The task:
No pictures go into the copy. Write out every line below exactly.

Dataset excerpt:
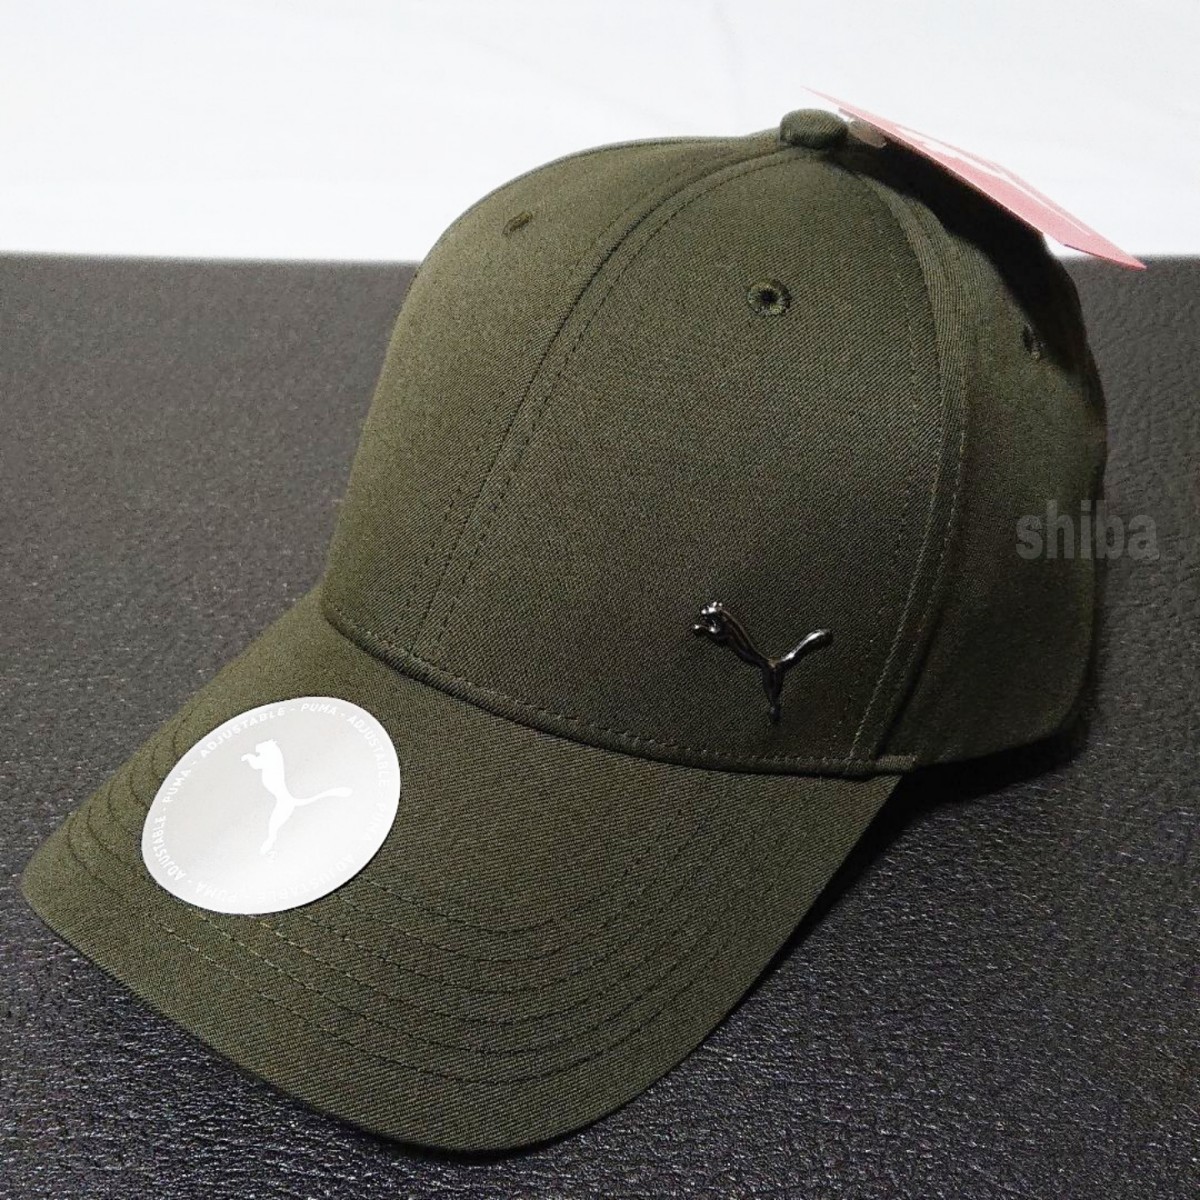 PUMA プーマ キャップ 帽子 カーキ グリーン 緑 海外モデル メタルキャットキャップ ユニセックス ワンサイズ フリーサイズ
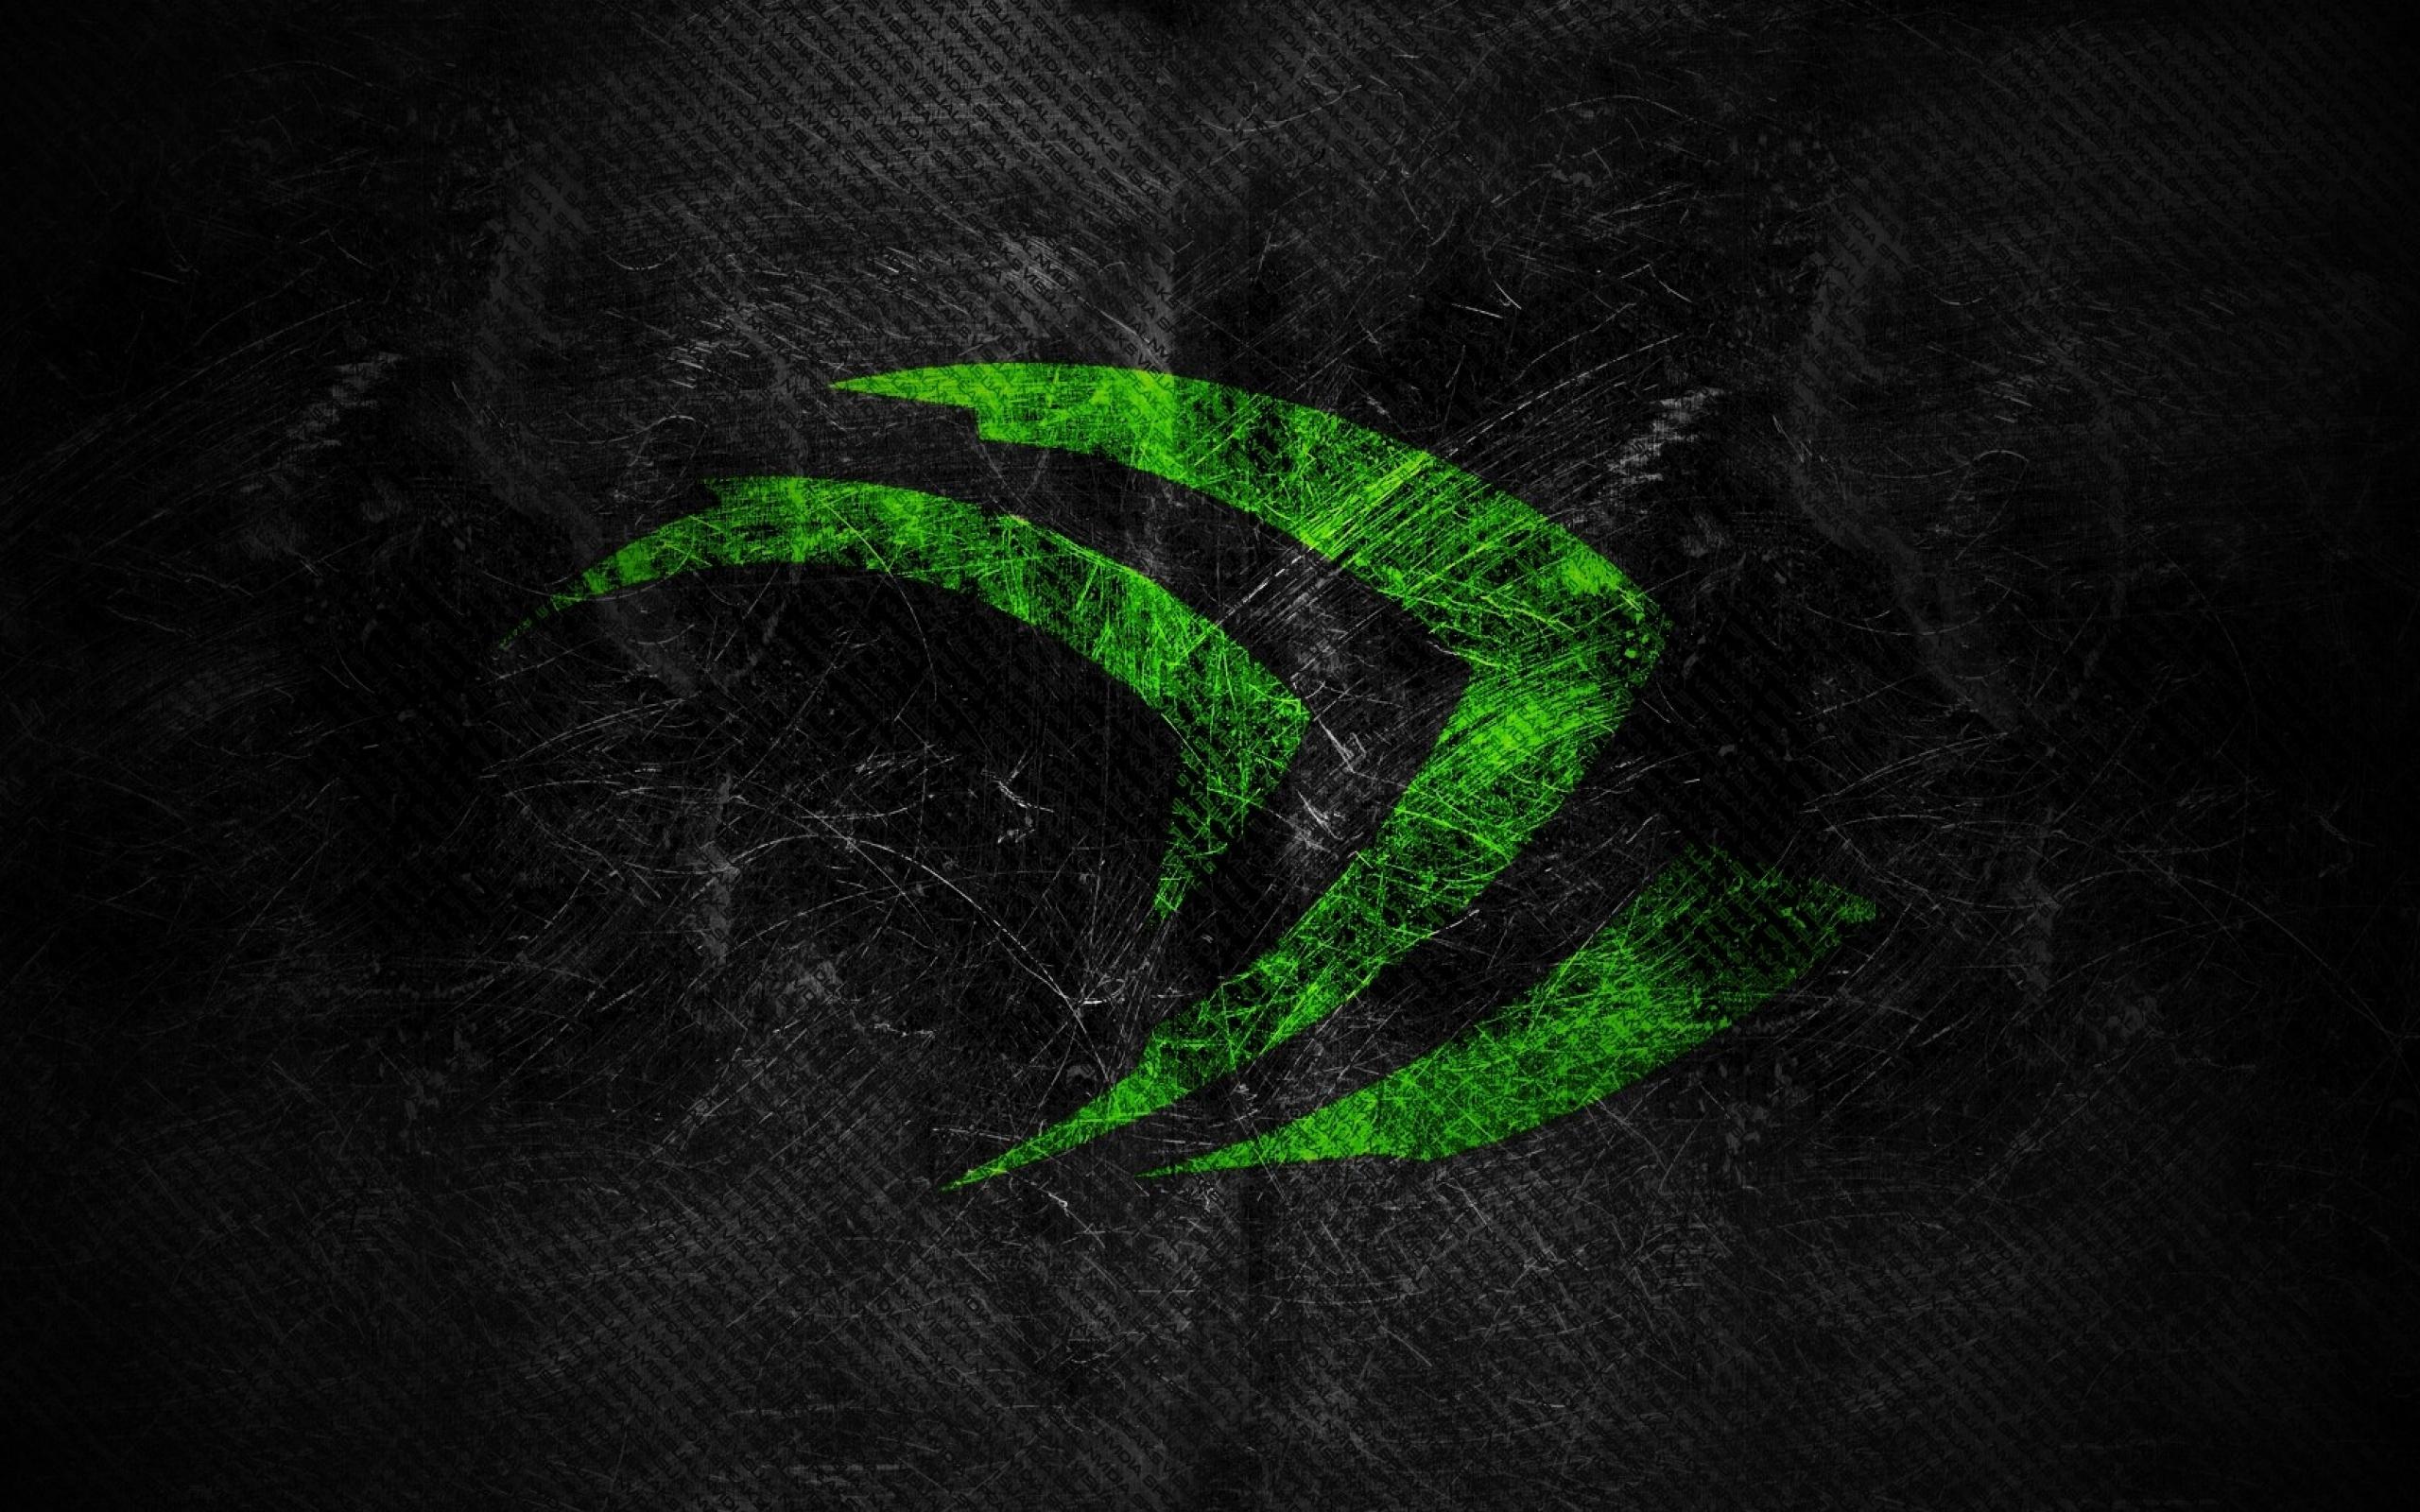 Nvidia Shield Logo
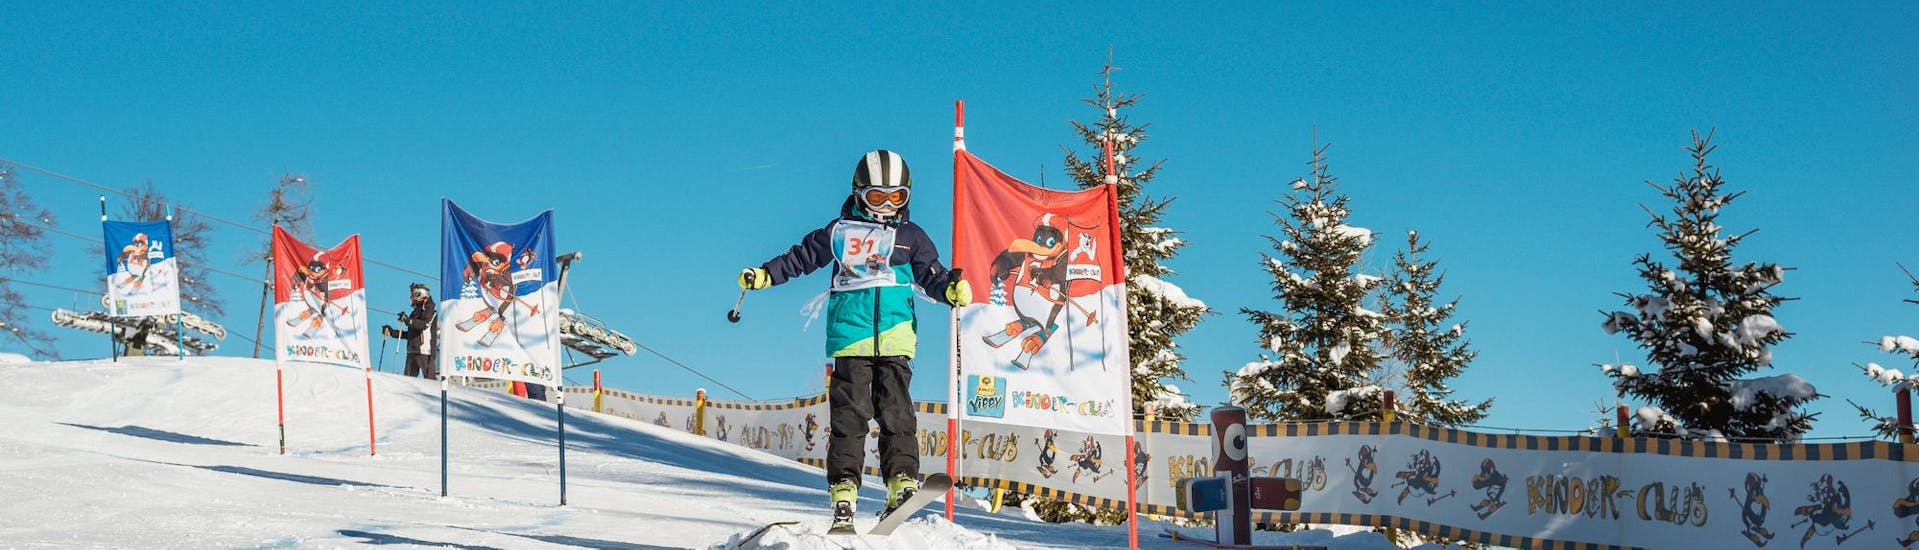 Een leerling skiet op een blauwe piste tussen de poorten tijdens zijn kinderskilessen "BOBO's Kids-Club" voor gevorderden bij de Busslehner Achenkirch Skischool.

Answer space:
 PUMA プーマ キャップ 帽子 カーキ グリーン 緑 海外モデル メタルキャットキャップ ユニセックス ワンサイズ フリーサイズ
 Nvidia Shield Logo
 Een leerling skiet op een blauwe piste tussen de poorten tijdens zijn kinderskilessen "BOBO's Kids-Club" voor gevorderden bij de Busslehner Achenkirch Skischool.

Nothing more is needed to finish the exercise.